如果说演艺生涯是一场漫长的修行,那么今天,我怀疑我遇到了职业生涯中最难渡的一个劫。
清晨六点,当别墅外的鸟儿还在做发声练习时,导演组的联络器就发出了催命般的“嘀嘀”声。
我揉着还有点儿发沉的脑袋坐起来,看到床头柜上并排躺着两张通告单。
一张是我的:某高端香氛品牌广告拍摄。要求:温柔、清冷、疏离但迷人,眼神要有“初恋的破碎感”。
一张是王一博的:专业摩托车赛道封闭训练。要求:高强度压弯练习、起步反应训练。目标:刷出个人单圈最好成绩。
而任务卡上写的是:【今日,请两位老师交换职业身份。王一博老师负责完成香氛广告拍摄,肖战老师负责完成赛道训练。】
我盯着那张写着“初恋破碎感”的纸,又看了看隔壁房门紧闭的方向,脑子里只有一个念头:完了,这品牌方的预算估计要打水漂了。
“王一博!起床!”我抄起枕头,毫无形象地冲到隔壁房门口狂敲,“要命任务来了!你要去当‘破碎初恋’了!”
房门猛地拉开,王一博顶着一头乱得像炸雷过后的鸡窝发,穿着那条已经洗得有点儿发白的大花裤衩,眼神迷离地看着我。

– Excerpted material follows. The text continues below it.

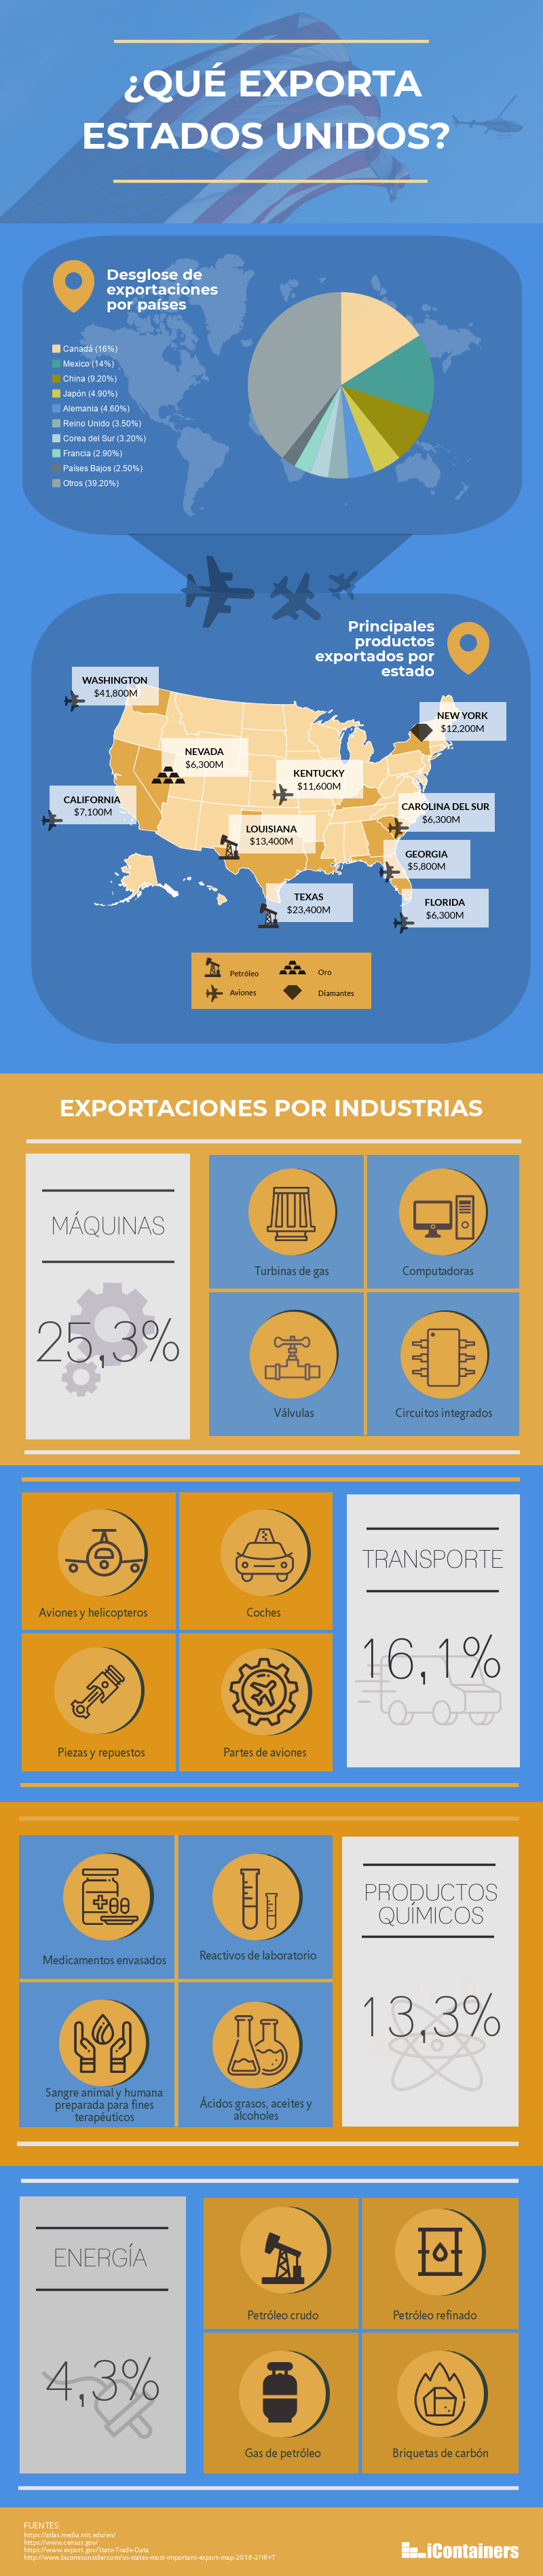 infografia-que-exporta-estados-unidos.png

“啥碎了?”他嗓音沙哑,带着股没睡醒的执拗,“大清早的,谁碎了?”
我把通告单往他怀里一塞:“你!你今天要穿上白衬衫,拿上香水瓶,去对着镜头展示你的温柔。而我……”我咬牙切齿地指着自己,“我要穿上你那套重得像铁甲一样的连体皮衣,去跟大地亲密接触。”
王一博盯着那张通告单看了十秒,又抬头看了看我。
“初恋?破碎感?”他嘴角极其隐秘地抽动了一下,“肖战,导演组是不是觉得我长得像个花瓶?”
“不,他们可能觉得你长得像个可以被砸碎的花瓶。”我同情地拍了拍他的肩膀,“加油,王老师。记得,别露出那种‘看谁都欠你五百万’的眼神,那是香水广告,不是收债广告。”
王一博冷哼一声,低头看了看我的细胳膊细腿,眼神里充满了对自己那辆爱车的深度忧虑:“肖战,你也悠着点。我那车……挺贵的,你要是把它压坏了,赔钱是小事,主要我心疼。”
“滚犊子!”
一个小时后,我们各自奔赴刑场……啊不,赛场。
当我站在烈日炎炎的封闭赛车场,看着面前那辆绿黑相间、散发着一种冷酷金属光泽的怪兽时,我感觉我的腿肚子已经开始提前预演抽筋了。
“肖老师,这是王老师专用的连体皮衣,请更换。”工作人员递过来一套沉重得让我怀疑里面灌了铅的装备。
穿皮衣的过程简直是一场酷刑。这种衣服为了减小风阻和保护身体,紧得像第二层皮肤。
我费了九牛二虎之力,把自己塞进去,拉链拉上的那一刻,我感觉自己像是个被抽真空的火腿肠,呼吸都得精确计算。
“头盔,护具,请佩戴好。”
当我戴上那顶沉重的头盔,视线被限制在那个窄小的缝隙里时,我才真正体会到了王一博平时的世界。
热!极度的热!
赛道上的地表温度估计有五十度,皮衣里的汗水顺着背脊流下来,又被紧紧锁住。
我跨上车,那车重得惊人,重心极难掌控。
“肖老师,起步,尝试滑行。”教练在耳麦里喊。
我深吸一口气,学着王一博平时的样子,拧动油门。
“轰——!”
引擎的轰鸣声震得我耳膜发麻。那股强大的推力瞬间把我往后拽,我紧紧抓着车把,感觉自己不是在骑摩托,而是在试图驯服一条疯了的巨龙。
压弯?不存在的。
我现在的状态叫“僵尸漂移”。每当速度稍微快一点,那种由于重力不稳带来的恐惧感就席卷全身。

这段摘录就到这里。